Kami telah menemukan botnet berdasarkan perangkat IoT. Botnet Mirai sendiri, yang muncul pada tahun 2016, menyerang jutaan perangkat di seluruh dunia, dan kemudian mengambil bagian aktif dalam serangan DDoS besar-besaran. Ngomong-ngomong, masalahnya tidak kemana-mana: botnet dan versi yang diperbarui secara aktif disebutkan hingga 2019, dan pada April 2020 kami menemukan keturunan dari botnet Mirai dan bankir Qbot - botnet Dark Nexus, yang secara besar-besaran menyerang router dan perangkat pintar menggunakan keduanya data pabrik dan ekspolites.

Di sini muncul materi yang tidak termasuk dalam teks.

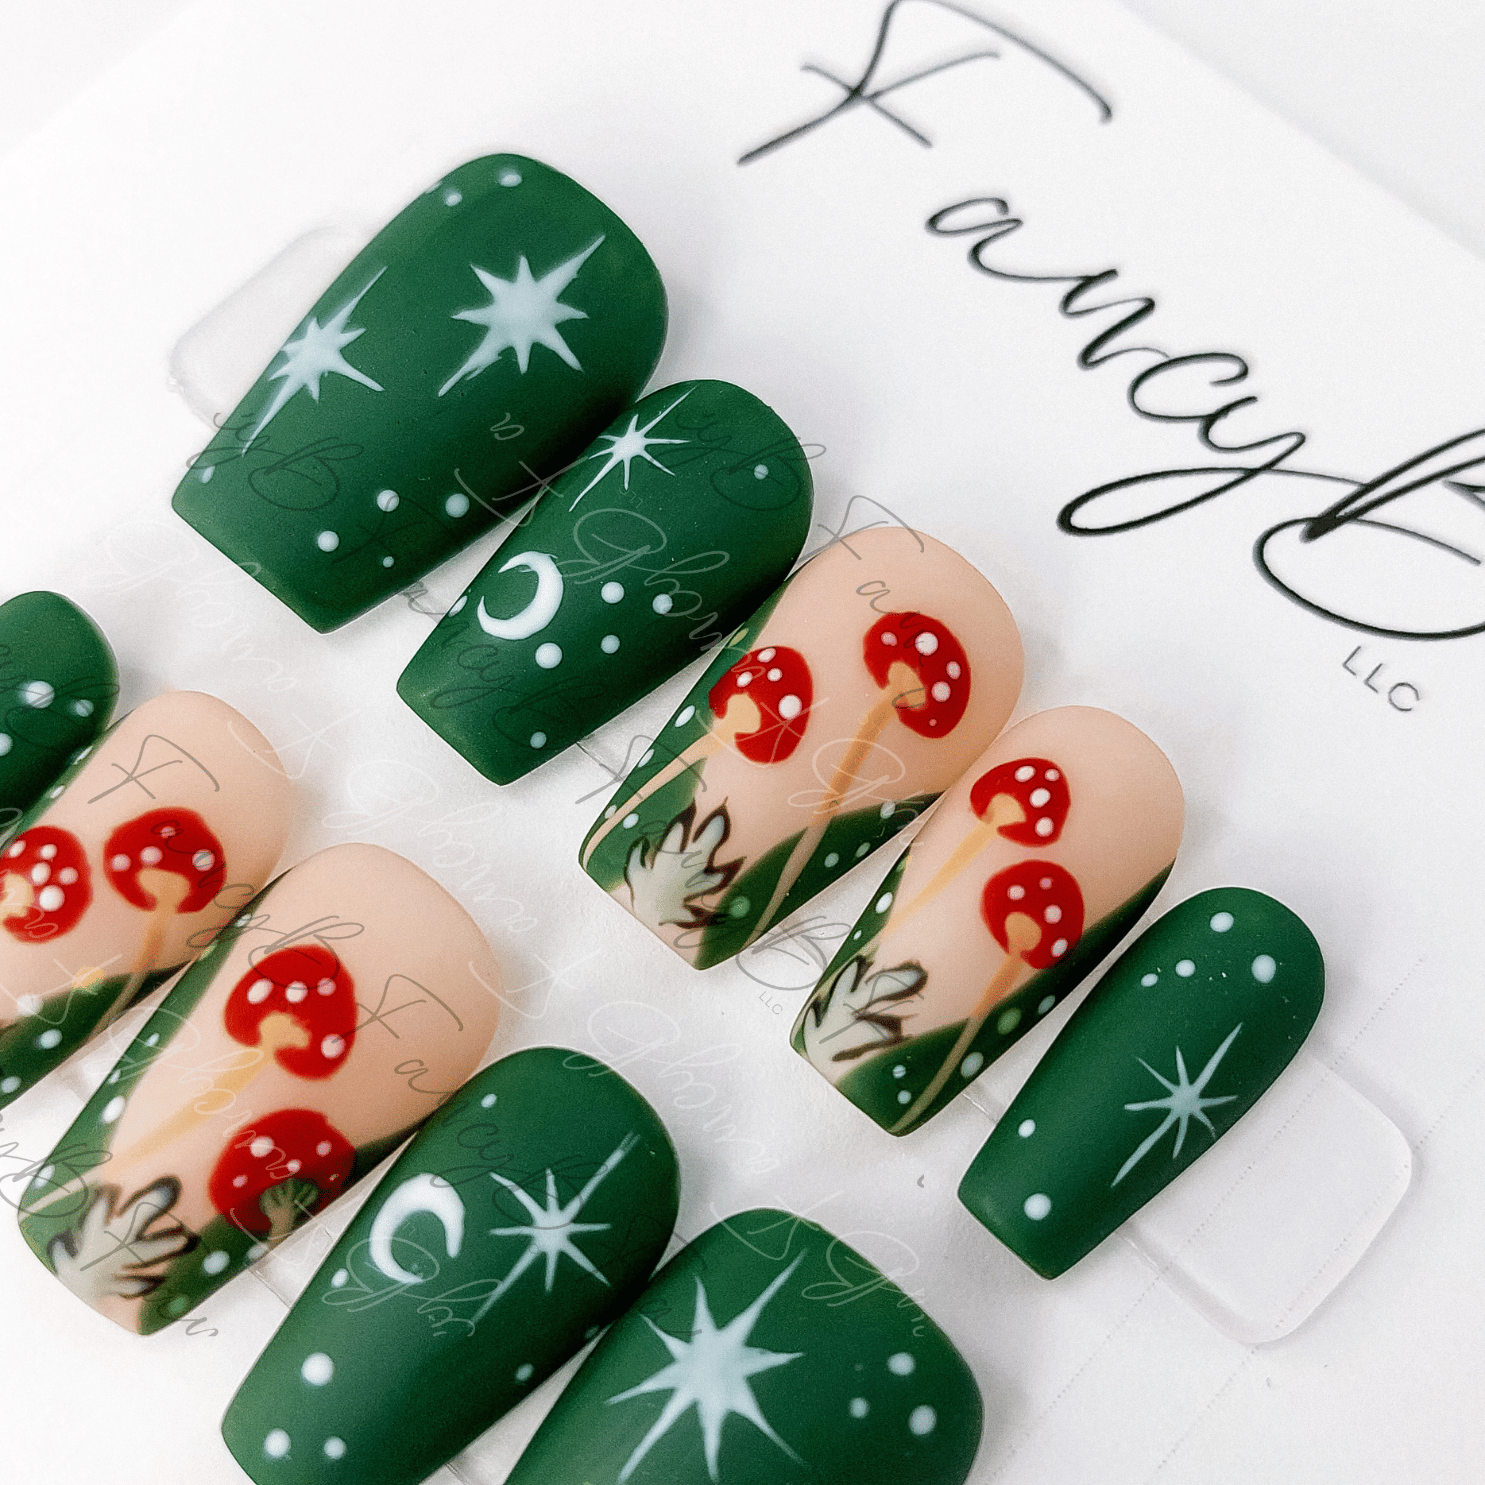 Custom press on nails mushroom leafy nails with green celestial designs. Hand painted mushroom nails in short coffin shape from FancyB Nails.
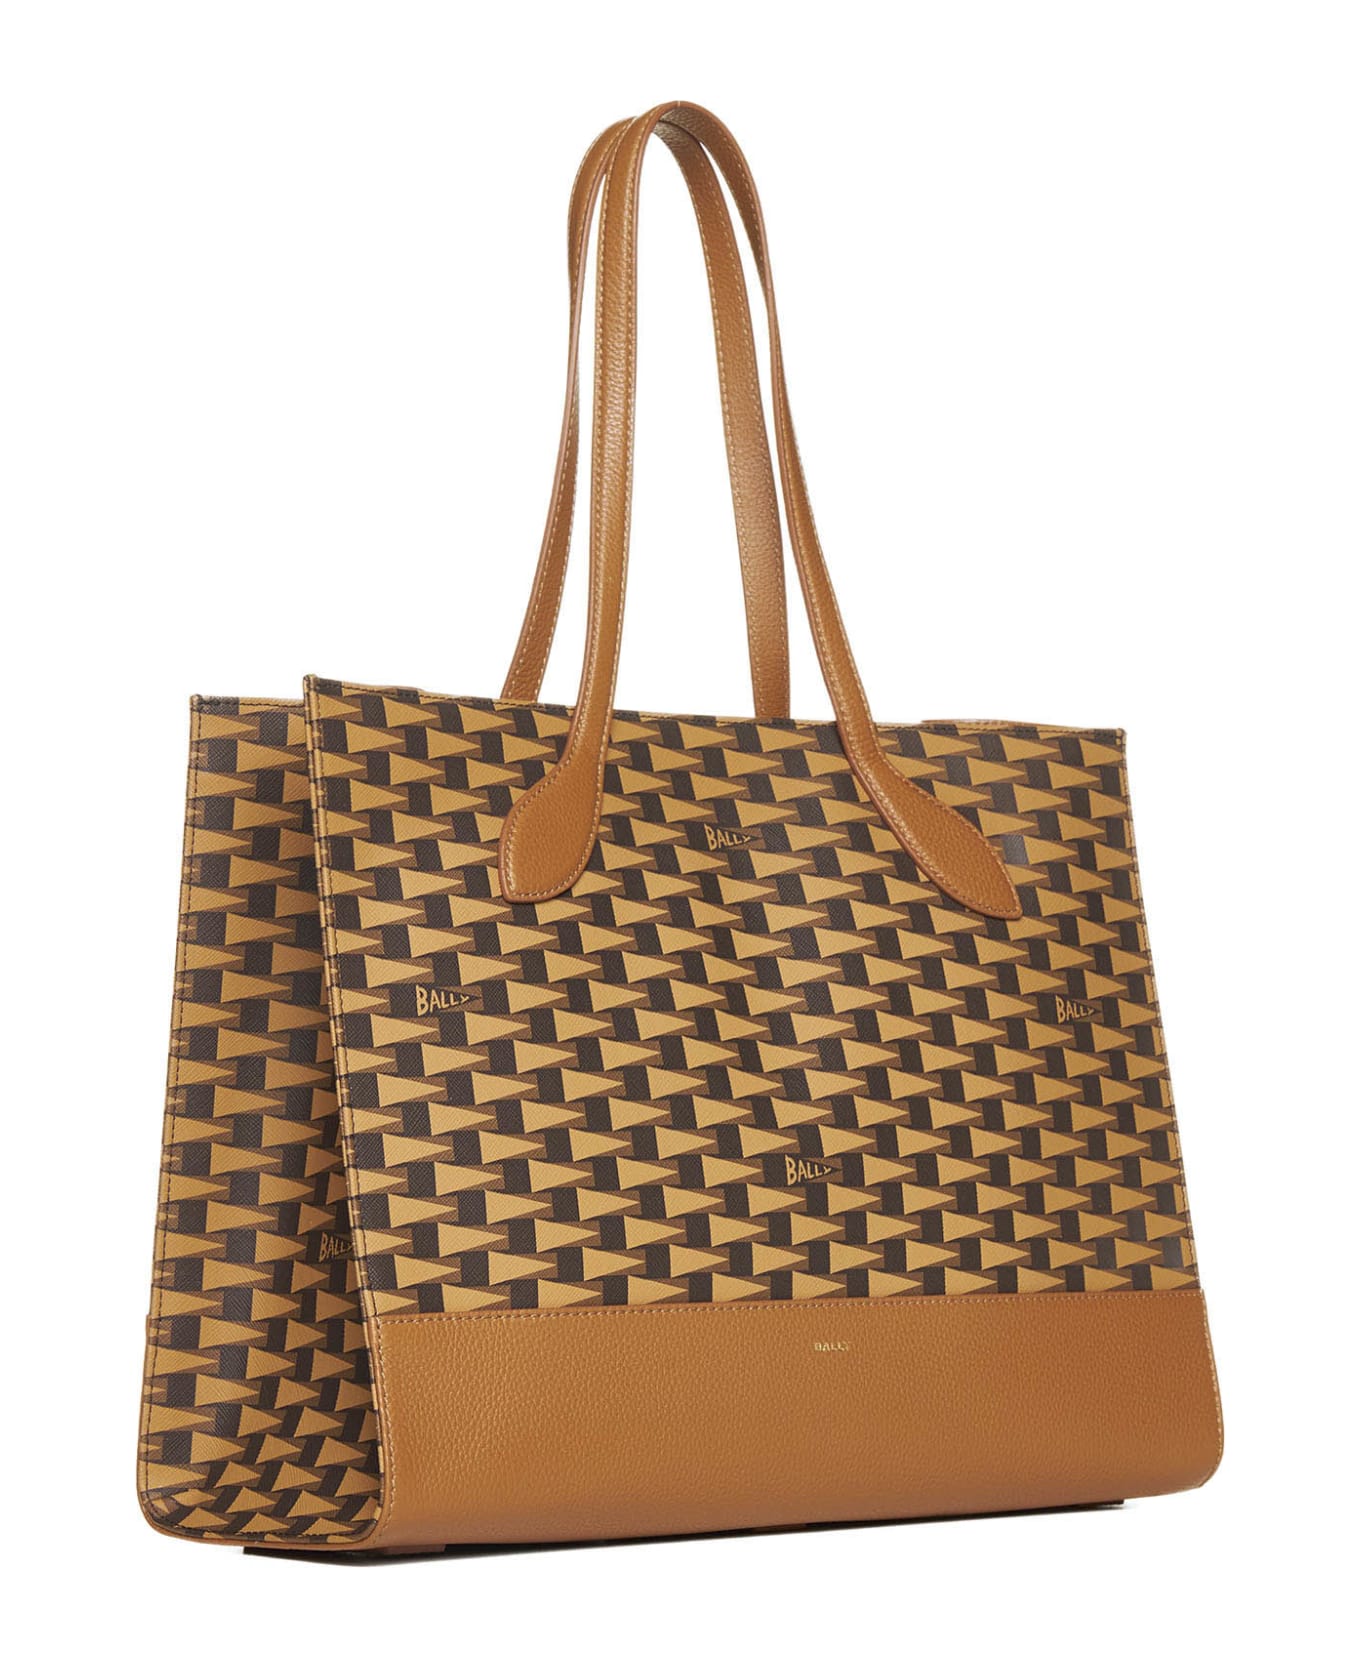 Bally Pennant Tote Bag - Beige トートバッグ

Skema serangan Nexus Gelap
Microsoft Defender bukanlah obat mujarab untuk semua masalah keamanan perangkat pintar dan router di lapangan, tetapi ini adalah salah satu dari sejumlah solusi yang dapat membuat hidup lebih mudah bagi administrator dan pemilik sistem rumah pintar. Seperti yang disebutkan di atas, salah satu keuntungan Azure Defender adalah kurangnya klien dan bekerja seperti firewall. Selain itu, siapa pun dapat mencoba versi awal sistem secara gratis. Anda juga dapat menghubungkan uji coba 30 hari Azure Sentinel dan bekerja dengan bundel penuh layar dan dasbor yang ditawarkan oleh pengembang dari satu produsen.